Only one stretch of the data below is wanted: the lines from the one with "Lawrence Durrell: For" through the one with "Atom Mobile Game", repeated exactly.

# Supplied records
-------------------------
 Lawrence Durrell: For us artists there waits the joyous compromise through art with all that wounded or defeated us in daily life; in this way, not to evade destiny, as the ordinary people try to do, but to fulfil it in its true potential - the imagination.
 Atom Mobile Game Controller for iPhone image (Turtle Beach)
-------------------------
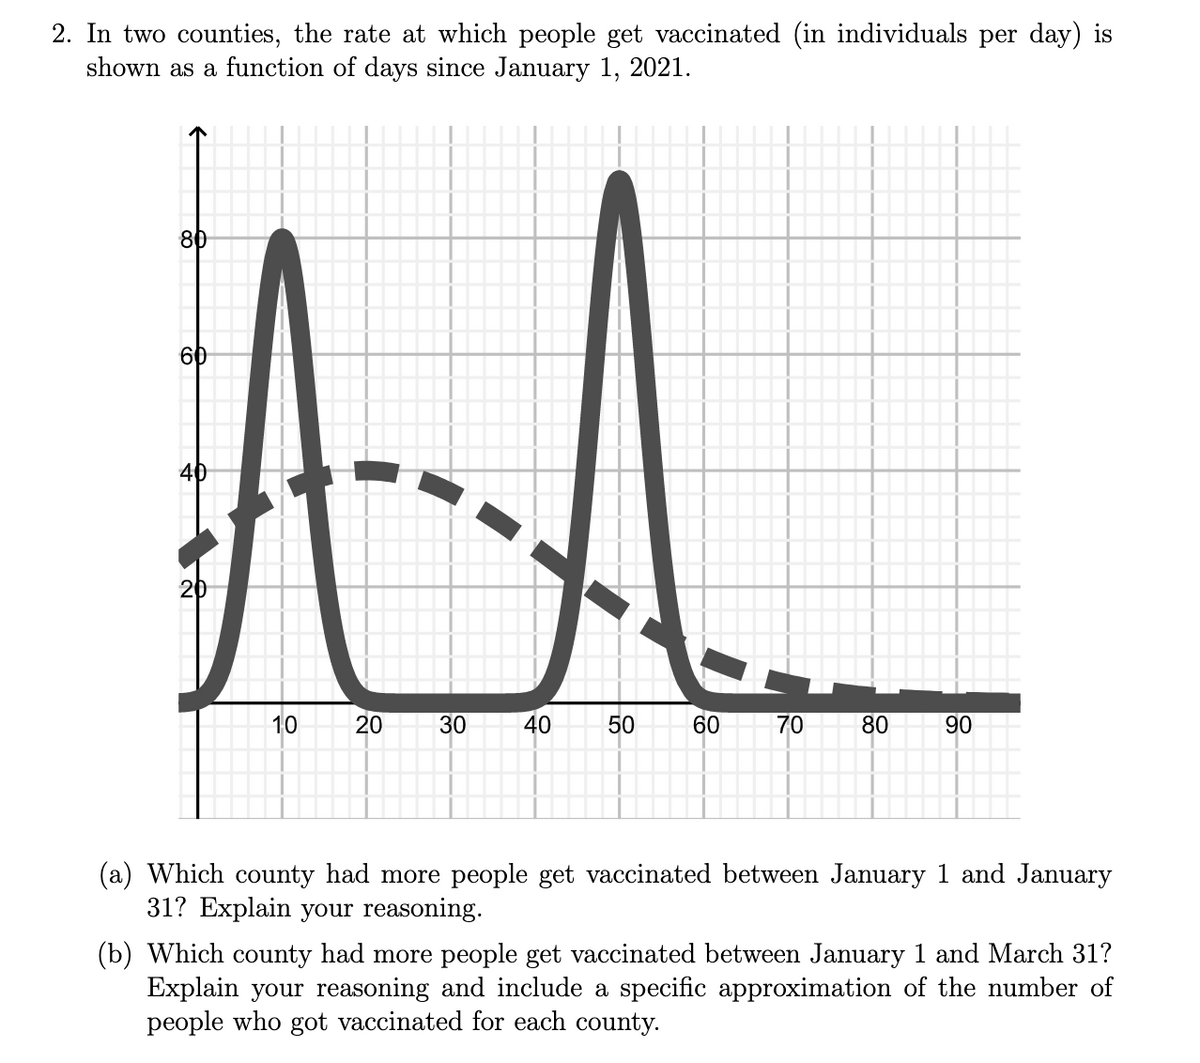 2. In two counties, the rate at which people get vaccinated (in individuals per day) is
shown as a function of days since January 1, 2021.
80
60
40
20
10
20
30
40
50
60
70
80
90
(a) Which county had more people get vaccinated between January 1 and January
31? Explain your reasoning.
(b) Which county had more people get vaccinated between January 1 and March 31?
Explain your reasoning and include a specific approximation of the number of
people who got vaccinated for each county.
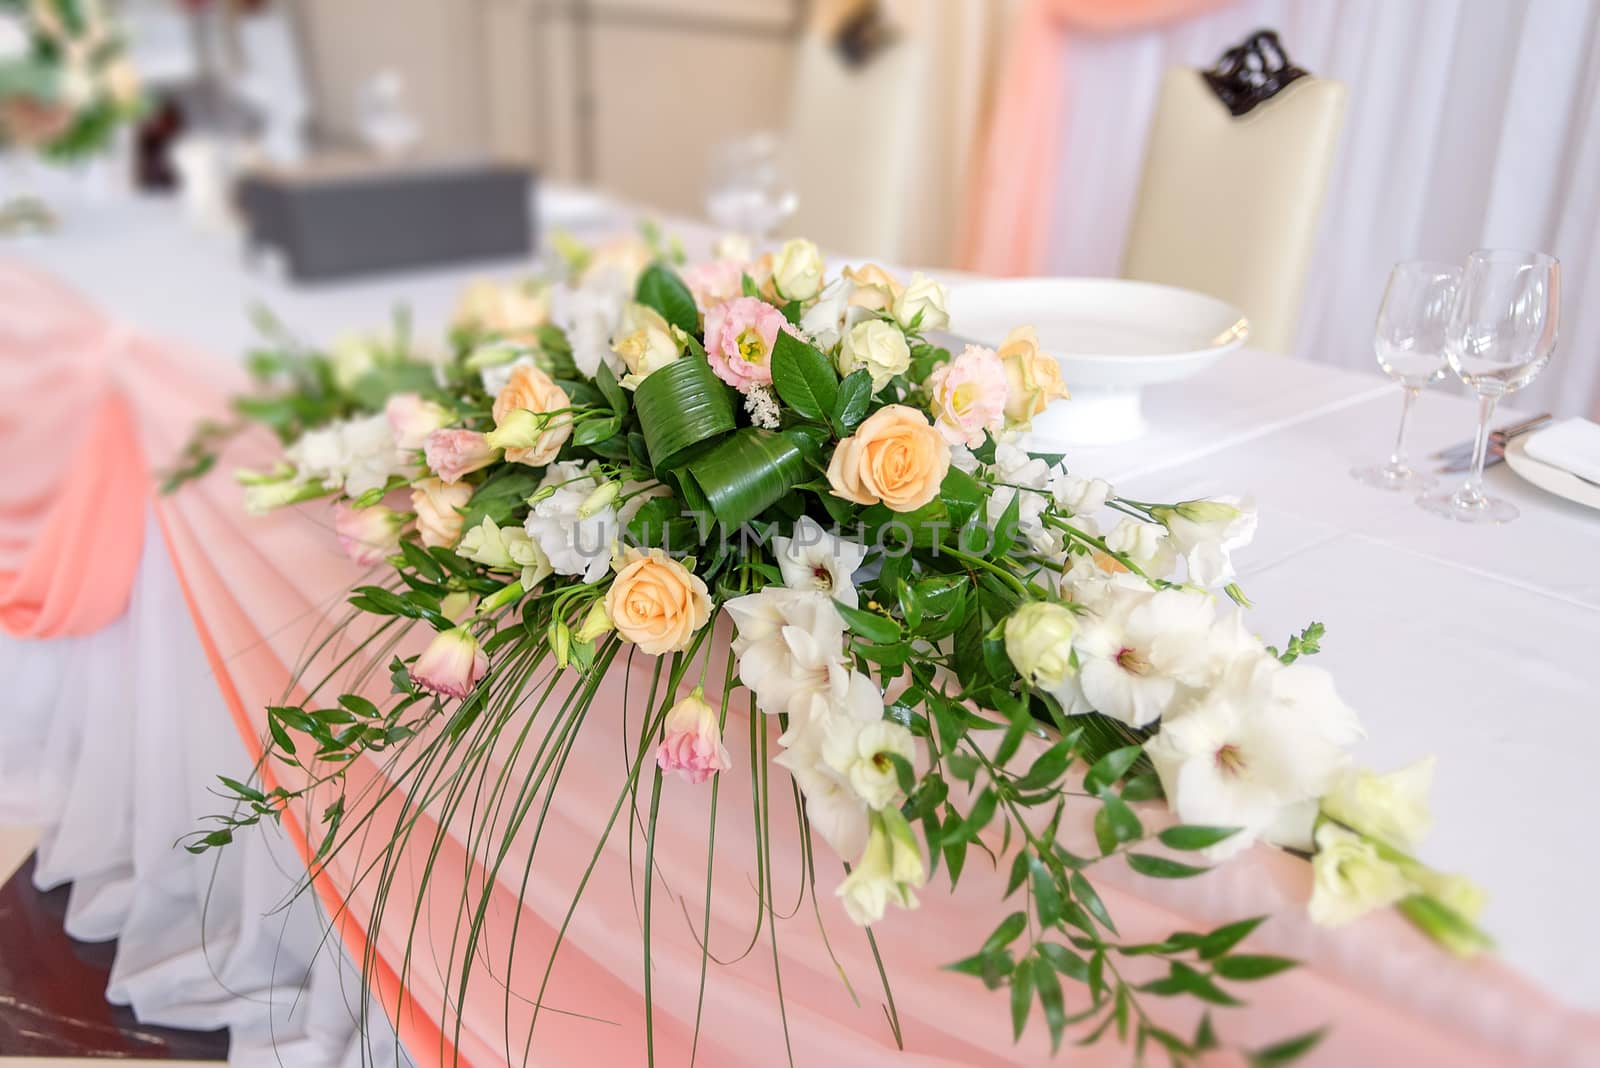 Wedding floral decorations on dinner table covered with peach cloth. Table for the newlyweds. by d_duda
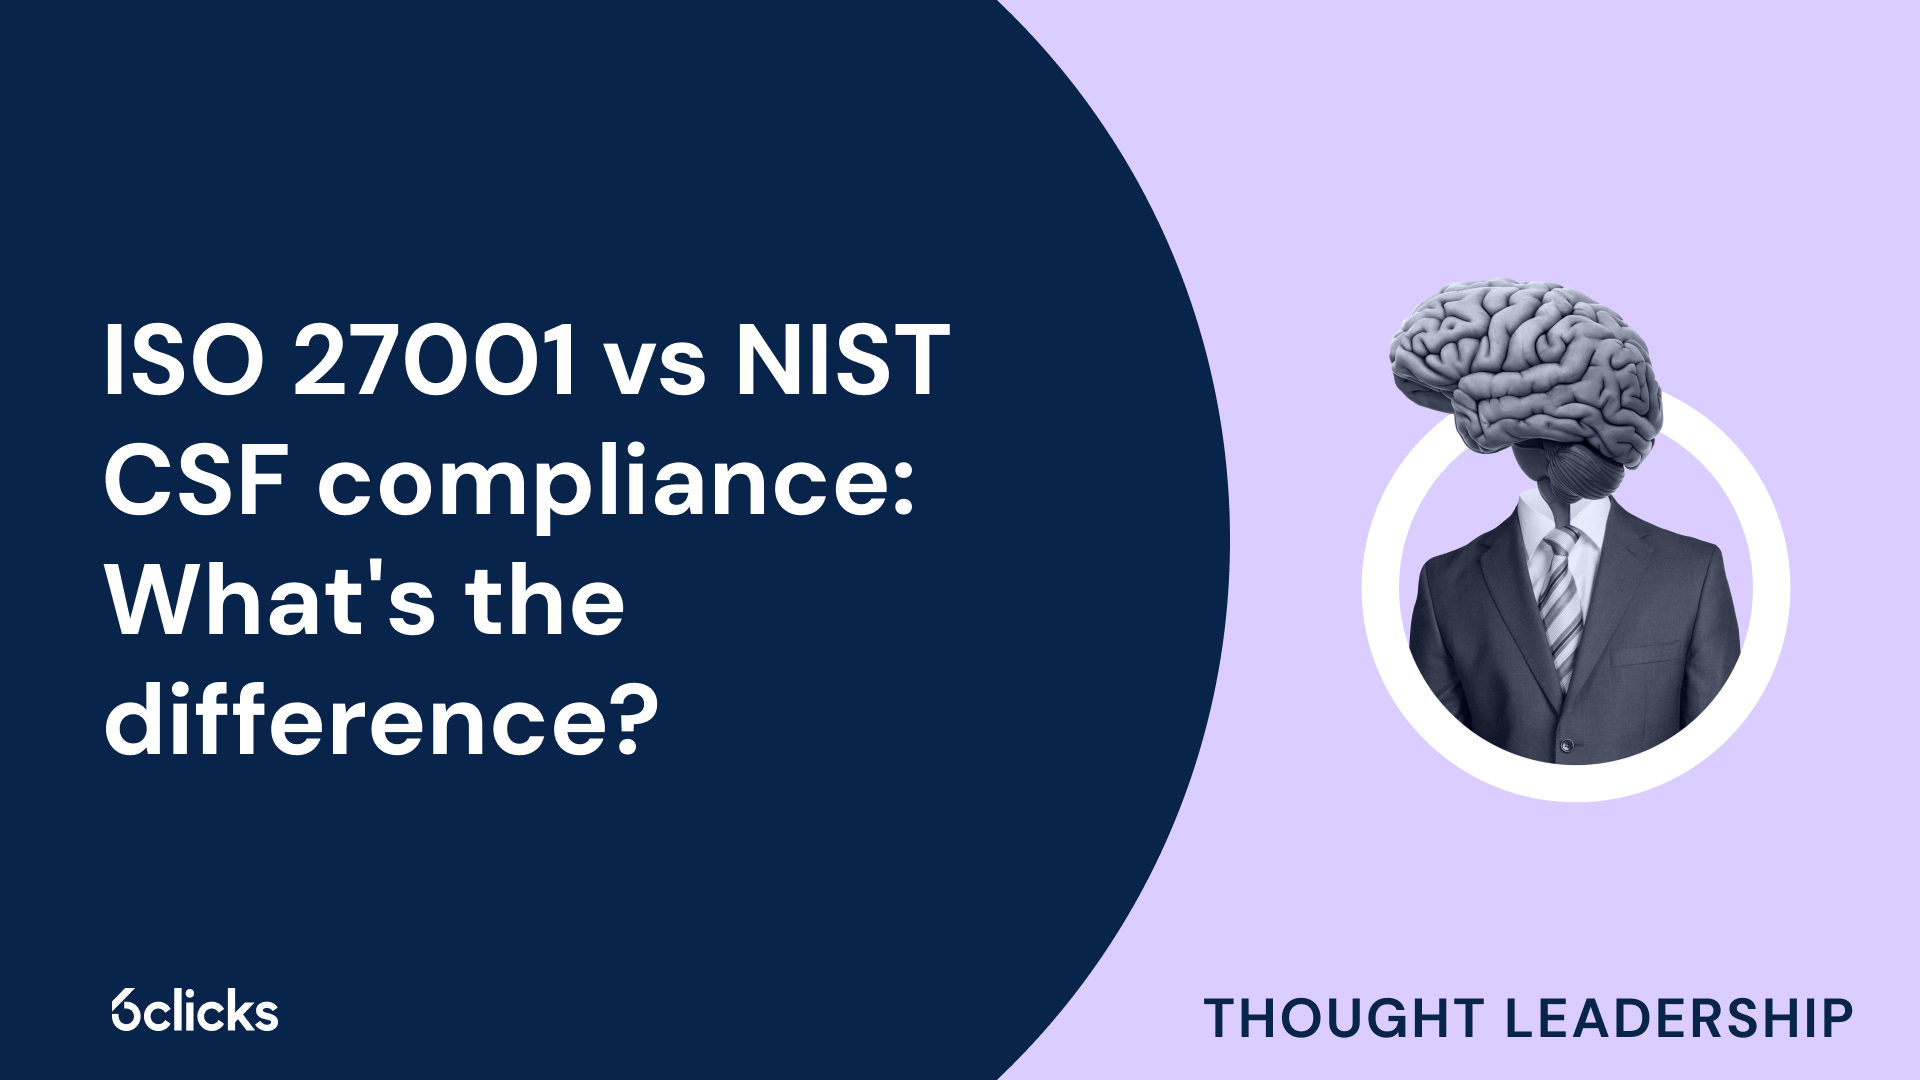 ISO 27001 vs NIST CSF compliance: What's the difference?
-------------------------
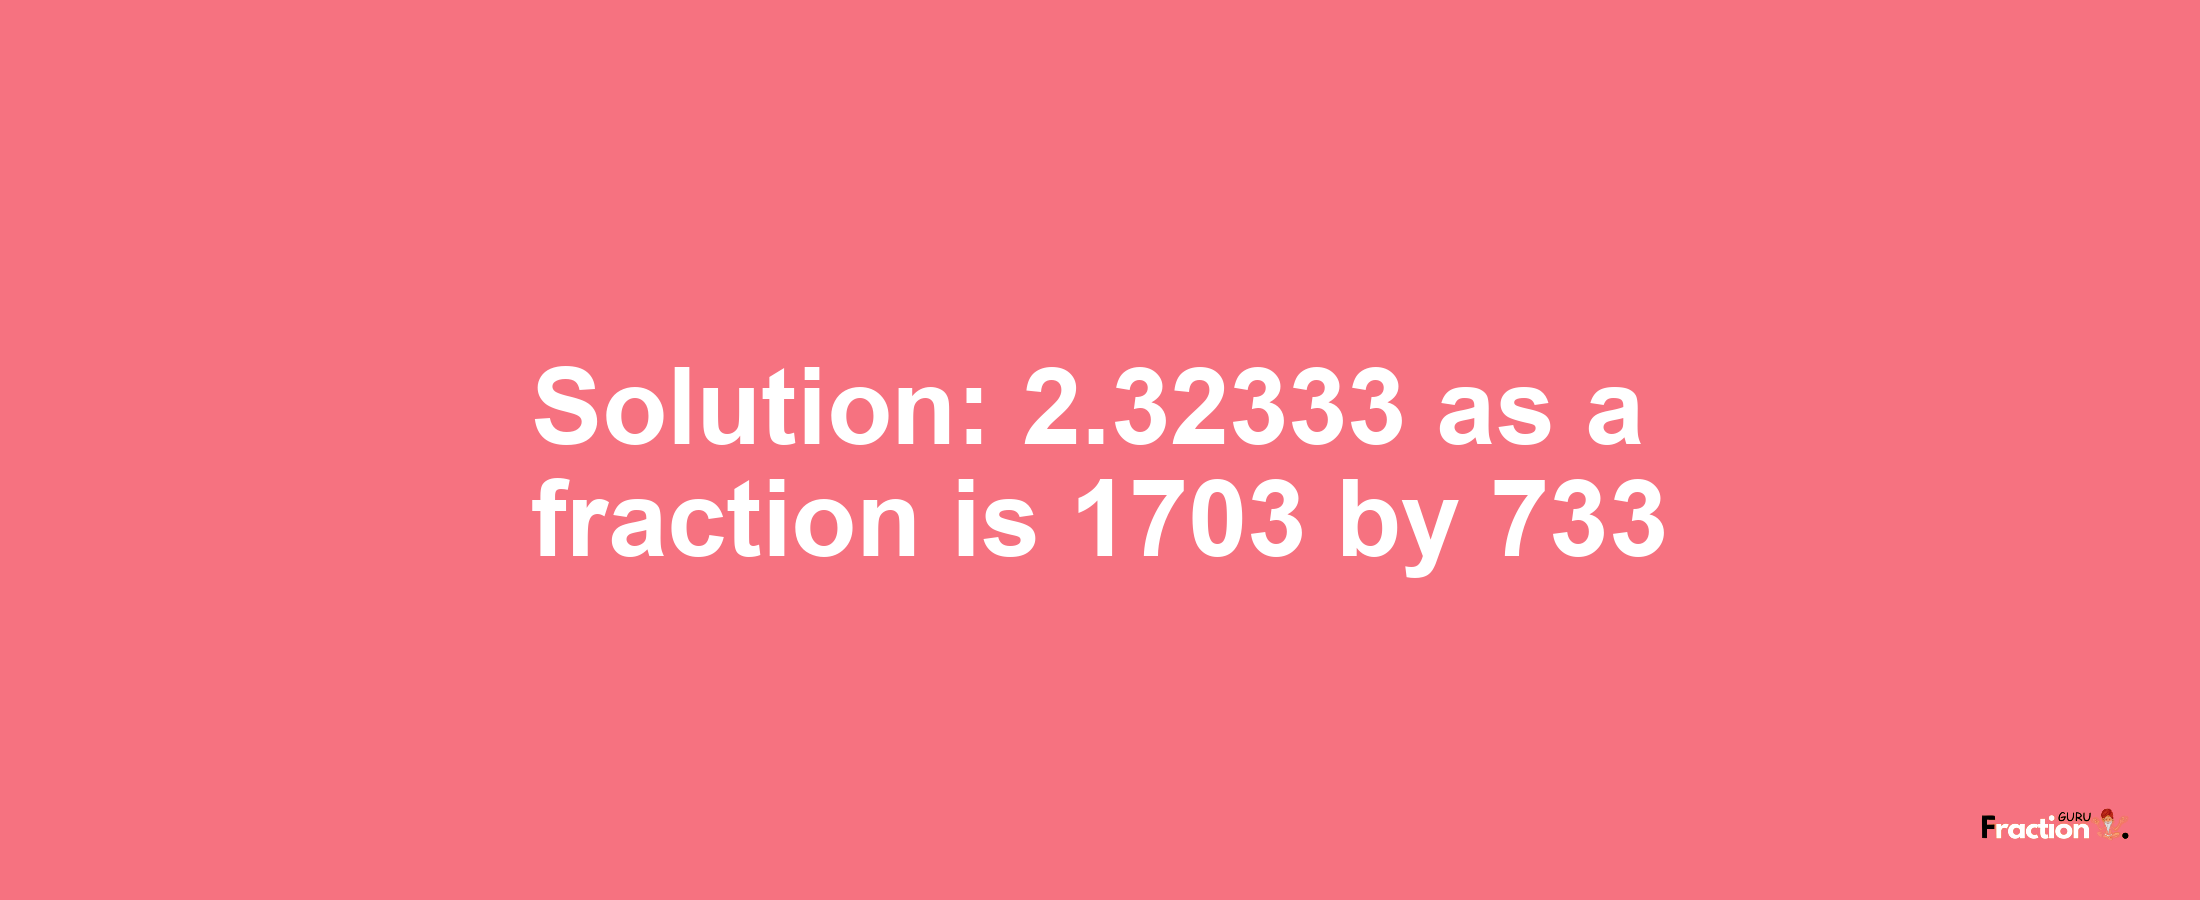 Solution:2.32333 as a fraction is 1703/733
-------------------------
# Task response
 Lawrence Durrell: For us artists there waits the joyous compromise through art with all that wounded or defeated us in daily life; in this way, not to evade destiny, as the ordinary people try to do, but to fulfil it in its true potential - the imagination.
 Atom Mobile Game Controller for iPhone image (Turtle Beach)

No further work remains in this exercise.